WHAT YOU WILL DO:
Your answer must contain each line of the data, copied exactly.

DATA SUPPLIED:
____

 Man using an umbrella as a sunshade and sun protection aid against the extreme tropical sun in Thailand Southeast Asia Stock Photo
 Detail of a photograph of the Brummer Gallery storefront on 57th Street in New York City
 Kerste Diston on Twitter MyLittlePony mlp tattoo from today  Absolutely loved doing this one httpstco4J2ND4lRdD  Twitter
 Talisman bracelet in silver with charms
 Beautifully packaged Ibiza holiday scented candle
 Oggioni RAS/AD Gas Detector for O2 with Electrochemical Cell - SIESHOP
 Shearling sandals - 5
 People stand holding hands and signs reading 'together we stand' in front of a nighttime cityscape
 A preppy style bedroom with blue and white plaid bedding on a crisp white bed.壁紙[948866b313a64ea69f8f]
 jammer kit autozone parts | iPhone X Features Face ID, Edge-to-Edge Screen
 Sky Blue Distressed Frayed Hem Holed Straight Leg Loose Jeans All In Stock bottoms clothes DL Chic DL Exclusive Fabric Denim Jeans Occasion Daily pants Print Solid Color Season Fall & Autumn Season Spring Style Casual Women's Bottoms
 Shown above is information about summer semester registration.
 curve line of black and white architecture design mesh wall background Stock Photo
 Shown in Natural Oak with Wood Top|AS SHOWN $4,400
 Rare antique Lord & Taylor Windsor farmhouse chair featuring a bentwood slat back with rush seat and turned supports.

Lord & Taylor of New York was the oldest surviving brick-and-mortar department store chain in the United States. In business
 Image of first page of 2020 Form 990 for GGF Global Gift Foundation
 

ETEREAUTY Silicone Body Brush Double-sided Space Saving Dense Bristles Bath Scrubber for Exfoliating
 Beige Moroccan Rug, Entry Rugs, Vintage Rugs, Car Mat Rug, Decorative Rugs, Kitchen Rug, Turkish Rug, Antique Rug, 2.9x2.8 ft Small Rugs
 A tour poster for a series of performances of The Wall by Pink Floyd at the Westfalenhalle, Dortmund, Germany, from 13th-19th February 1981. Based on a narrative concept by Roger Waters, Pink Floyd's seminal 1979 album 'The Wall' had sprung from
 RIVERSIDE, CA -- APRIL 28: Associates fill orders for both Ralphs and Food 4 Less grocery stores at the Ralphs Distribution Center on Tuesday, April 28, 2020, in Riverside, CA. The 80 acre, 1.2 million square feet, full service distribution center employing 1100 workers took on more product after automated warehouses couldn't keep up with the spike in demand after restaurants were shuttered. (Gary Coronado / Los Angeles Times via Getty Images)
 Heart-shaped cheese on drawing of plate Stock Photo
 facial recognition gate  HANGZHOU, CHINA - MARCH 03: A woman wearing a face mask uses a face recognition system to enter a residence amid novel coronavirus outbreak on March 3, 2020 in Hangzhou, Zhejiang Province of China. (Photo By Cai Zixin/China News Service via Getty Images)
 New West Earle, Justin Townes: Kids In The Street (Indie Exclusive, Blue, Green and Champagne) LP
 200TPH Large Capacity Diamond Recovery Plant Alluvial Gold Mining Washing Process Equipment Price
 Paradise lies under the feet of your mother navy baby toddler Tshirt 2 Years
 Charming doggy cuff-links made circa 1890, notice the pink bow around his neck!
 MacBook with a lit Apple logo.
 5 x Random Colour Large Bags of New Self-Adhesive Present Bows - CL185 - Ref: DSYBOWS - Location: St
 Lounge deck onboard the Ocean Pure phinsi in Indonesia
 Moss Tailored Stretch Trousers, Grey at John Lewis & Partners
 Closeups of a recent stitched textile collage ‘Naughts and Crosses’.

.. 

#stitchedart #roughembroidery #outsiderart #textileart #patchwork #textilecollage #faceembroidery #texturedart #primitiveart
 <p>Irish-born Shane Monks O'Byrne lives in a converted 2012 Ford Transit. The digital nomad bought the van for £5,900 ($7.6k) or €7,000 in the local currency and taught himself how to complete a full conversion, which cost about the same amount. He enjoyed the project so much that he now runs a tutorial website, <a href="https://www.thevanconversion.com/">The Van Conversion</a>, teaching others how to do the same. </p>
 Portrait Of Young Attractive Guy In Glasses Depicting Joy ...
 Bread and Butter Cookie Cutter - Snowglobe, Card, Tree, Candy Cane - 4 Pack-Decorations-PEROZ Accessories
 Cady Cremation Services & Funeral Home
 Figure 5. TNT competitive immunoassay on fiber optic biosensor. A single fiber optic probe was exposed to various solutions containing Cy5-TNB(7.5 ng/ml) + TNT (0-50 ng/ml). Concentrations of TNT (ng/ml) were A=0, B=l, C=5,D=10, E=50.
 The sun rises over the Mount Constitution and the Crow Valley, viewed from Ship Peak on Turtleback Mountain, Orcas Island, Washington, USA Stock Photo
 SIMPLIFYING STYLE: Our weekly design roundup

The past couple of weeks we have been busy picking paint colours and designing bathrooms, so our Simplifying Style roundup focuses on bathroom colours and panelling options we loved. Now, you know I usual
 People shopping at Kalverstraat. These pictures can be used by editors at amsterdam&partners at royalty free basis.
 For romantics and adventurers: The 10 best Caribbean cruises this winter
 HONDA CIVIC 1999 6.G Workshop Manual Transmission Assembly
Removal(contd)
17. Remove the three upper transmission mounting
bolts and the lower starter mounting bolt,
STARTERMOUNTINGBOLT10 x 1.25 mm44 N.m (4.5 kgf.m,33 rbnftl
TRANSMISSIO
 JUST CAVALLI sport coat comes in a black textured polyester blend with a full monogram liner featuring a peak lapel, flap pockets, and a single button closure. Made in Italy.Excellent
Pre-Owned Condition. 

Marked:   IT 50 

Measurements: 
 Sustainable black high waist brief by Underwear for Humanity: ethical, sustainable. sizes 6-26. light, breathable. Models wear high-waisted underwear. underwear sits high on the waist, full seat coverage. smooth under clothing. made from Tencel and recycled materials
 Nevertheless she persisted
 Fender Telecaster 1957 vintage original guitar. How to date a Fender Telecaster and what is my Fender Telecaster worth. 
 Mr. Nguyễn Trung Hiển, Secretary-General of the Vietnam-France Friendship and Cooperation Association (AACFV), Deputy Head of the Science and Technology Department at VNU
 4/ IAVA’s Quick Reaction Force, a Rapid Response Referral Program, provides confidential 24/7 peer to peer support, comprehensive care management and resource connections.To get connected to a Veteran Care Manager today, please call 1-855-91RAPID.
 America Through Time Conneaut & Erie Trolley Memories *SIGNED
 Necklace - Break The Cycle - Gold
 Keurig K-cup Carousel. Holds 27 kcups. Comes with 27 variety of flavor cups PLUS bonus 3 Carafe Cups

____

ANSWER TO THIS PROBLEM:
 Man using an umbrella as a sunshade and sun protection aid against the extreme tropical sun in Thailand Southeast Asia Stock Photo
 Detail of a photograph of the Brummer Gallery storefront on 57th Street in New York City
 Kerste Diston on Twitter MyLittlePony mlp tattoo from today  Absolutely loved doing this one httpstco4J2ND4lRdD  Twitter
 Talisman bracelet in silver with charms
 Beautifully packaged Ibiza holiday scented candle
 Oggioni RAS/AD Gas Detector for O2 with Electrochemical Cell - SIESHOP
 Shearling sandals - 5
 People stand holding hands and signs reading 'together we stand' in front of a nighttime cityscape
 A preppy style bedroom with blue and white plaid bedding on a crisp white bed.壁紙[948866b313a64ea69f8f]
 jammer kit autozone parts | iPhone X Features Face ID, Edge-to-Edge Screen
 Sky Blue Distressed Frayed Hem Holed Straight Leg Loose Jeans All In Stock bottoms clothes DL Chic DL Exclusive Fabric Denim Jeans Occasion Daily pants Print Solid Color Season Fall & Autumn Season Spring Style Casual Women's Bottoms
 Shown above is information about summer semester registration.
 curve line of black and white architecture design mesh wall background Stock Photo
 Shown in Natural Oak with Wood Top|AS SHOWN $4,400
 Rare antique Lord & Taylor Windsor farmhouse chair featuring a bentwood slat back with rush seat and turned supports.

Lord & Taylor of New York was the oldest surviving brick-and-mortar department store chain in the United States. In business
 Image of first page of 2020 Form 990 for GGF Global Gift Foundation
 

ETEREAUTY Silicone Body Brush Double-sided Space Saving Dense Bristles Bath Scrubber for Exfoliating
 Beige Moroccan Rug, Entry Rugs, Vintage Rugs, Car Mat Rug, Decorative Rugs, Kitchen Rug, Turkish Rug, Antique Rug, 2.9x2.8 ft Small Rugs
 A tour poster for a series of performances of The Wall by Pink Floyd at the Westfalenhalle, Dortmund, Germany, from 13th-19th February 1981. Based on a narrative concept by Roger Waters, Pink Floyd's seminal 1979 album 'The Wall' had sprung from
 RIVERSIDE, CA -- APRIL 28: Associates fill orders for both Ralphs and Food 4 Less grocery stores at the Ralphs Distribution Center on Tuesday, April 28, 2020, in Riverside, CA. The 80 acre, 1.2 million square feet, full service distribution center employing 1100 workers took on more product after automated warehouses couldn't keep up with the spike in demand after restaurants were shuttered. (Gary Coronado / Los Angeles Times via Getty Images)
 Heart-shaped cheese on drawing of plate Stock Photo
 facial recognition gate  HANGZHOU, CHINA - MARCH 03: A woman wearing a face mask uses a face recognition system to enter a residence amid novel coronavirus outbreak on March 3, 2020 in Hangzhou, Zhejiang Province of China. (Photo By Cai Zixin/China News Service via Getty Images)
 New West Earle, Justin Townes: Kids In The Street (Indie Exclusive, Blue, Green and Champagne) LP
 200TPH Large Capacity Diamond Recovery Plant Alluvial Gold Mining Washing Process Equipment Price
 Paradise lies under the feet of your mother navy baby toddler Tshirt 2 Years
 Charming doggy cuff-links made circa 1890, notice the pink bow around his neck!
 MacBook with a lit Apple logo.
 5 x Random Colour Large Bags of New Self-Adhesive Present Bows - CL185 - Ref: DSYBOWS - Location: St
 Lounge deck onboard the Ocean Pure phinsi in Indonesia
 Moss Tailored Stretch Trousers, Grey at John Lewis & Partners
 Closeups of a recent stitched textile collage ‘Naughts and Crosses’.

.. 

#stitchedart #roughembroidery #outsiderart #textileart #patchwork #textilecollage #faceembroidery #texturedart #primitiveart
 <p>Irish-born Shane Monks O'Byrne lives in a converted 2012 Ford Transit. The digital nomad bought the van for £5,900 ($7.6k) or €7,000 in the local currency and taught himself how to complete a full conversion, which cost about the same amount. He enjoyed the project so much that he now runs a tutorial website, <a href="https://www.thevanconversion.com/">The Van Conversion</a>, teaching others how to do the same. </p>
 Portrait Of Young Attractive Guy In Glasses Depicting Joy ...
 Bread and Butter Cookie Cutter - Snowglobe, Card, Tree, Candy Cane - 4 Pack-Decorations-PEROZ Accessories
 Cady Cremation Services & Funeral Home
 Figure 5. TNT competitive immunoassay on fiber optic biosensor. A single fiber optic probe was exposed to various solutions containing Cy5-TNB(7.5 ng/ml) + TNT (0-50 ng/ml). Concentrations of TNT (ng/ml) were A=0, B=l, C=5,D=10, E=50.
 The sun rises over the Mount Constitution and the Crow Valley, viewed from Ship Peak on Turtleback Mountain, Orcas Island, Washington, USA Stock Photo
 SIMPLIFYING STYLE: Our weekly design roundup

The past couple of weeks we have been busy picking paint colours and designing bathrooms, so our Simplifying Style roundup focuses on bathroom colours and panelling options we loved. Now, you know I usual
 People shopping at Kalverstraat. These pictures can be used by editors at amsterdam&partners at royalty free basis.
 For romantics and adventurers: The 10 best Caribbean cruises this winter
 HONDA CIVIC 1999 6.G Workshop Manual Transmission Assembly
Removal(contd)
17. Remove the three upper transmission mounting
bolts and the lower starter mounting bolt,
STARTERMOUNTINGBOLT10 x 1.25 mm44 N.m (4.5 kgf.m,33 rbnftl
TRANSMISSIO
 JUST CAVALLI sport coat comes in a black textured polyester blend with a full monogram liner featuring a peak lapel, flap pockets, and a single button closure. Made in Italy.Excellent
Pre-Owned Condition. 

Marked:   IT 50 

Measurements: 
 Sustainable black high waist brief by Underwear for Humanity: ethical, sustainable. sizes 6-26. light, breathable. Models wear high-waisted underwear. underwear sits high on the waist, full seat coverage. smooth under clothing. made from Tencel and recycled materials
 Nevertheless she persisted
 Fender Telecaster 1957 vintage original guitar. How to date a Fender Telecaster and what is my Fender Telecaster worth. 
 Mr. Nguyễn Trung Hiển, Secretary-General of the Vietnam-France Friendship and Cooperation Association (AACFV), Deputy Head of the Science and Technology Department at VNU
 4/ IAVA’s Quick Reaction Force, a Rapid Response Referral Program, provides confidential 24/7 peer to peer support, comprehensive care management and resource connections.To get connected to a Veteran Care Manager today, please call 1-855-91RAPID.
 America Through Time Conneaut & Erie Trolley Memories *SIGNED
 Necklace - Break The Cycle - Gold
 Keurig K-cup Carousel. Holds 27 kcups. Comes with 27 variety of flavor cups PLUS bonus 3 Carafe Cups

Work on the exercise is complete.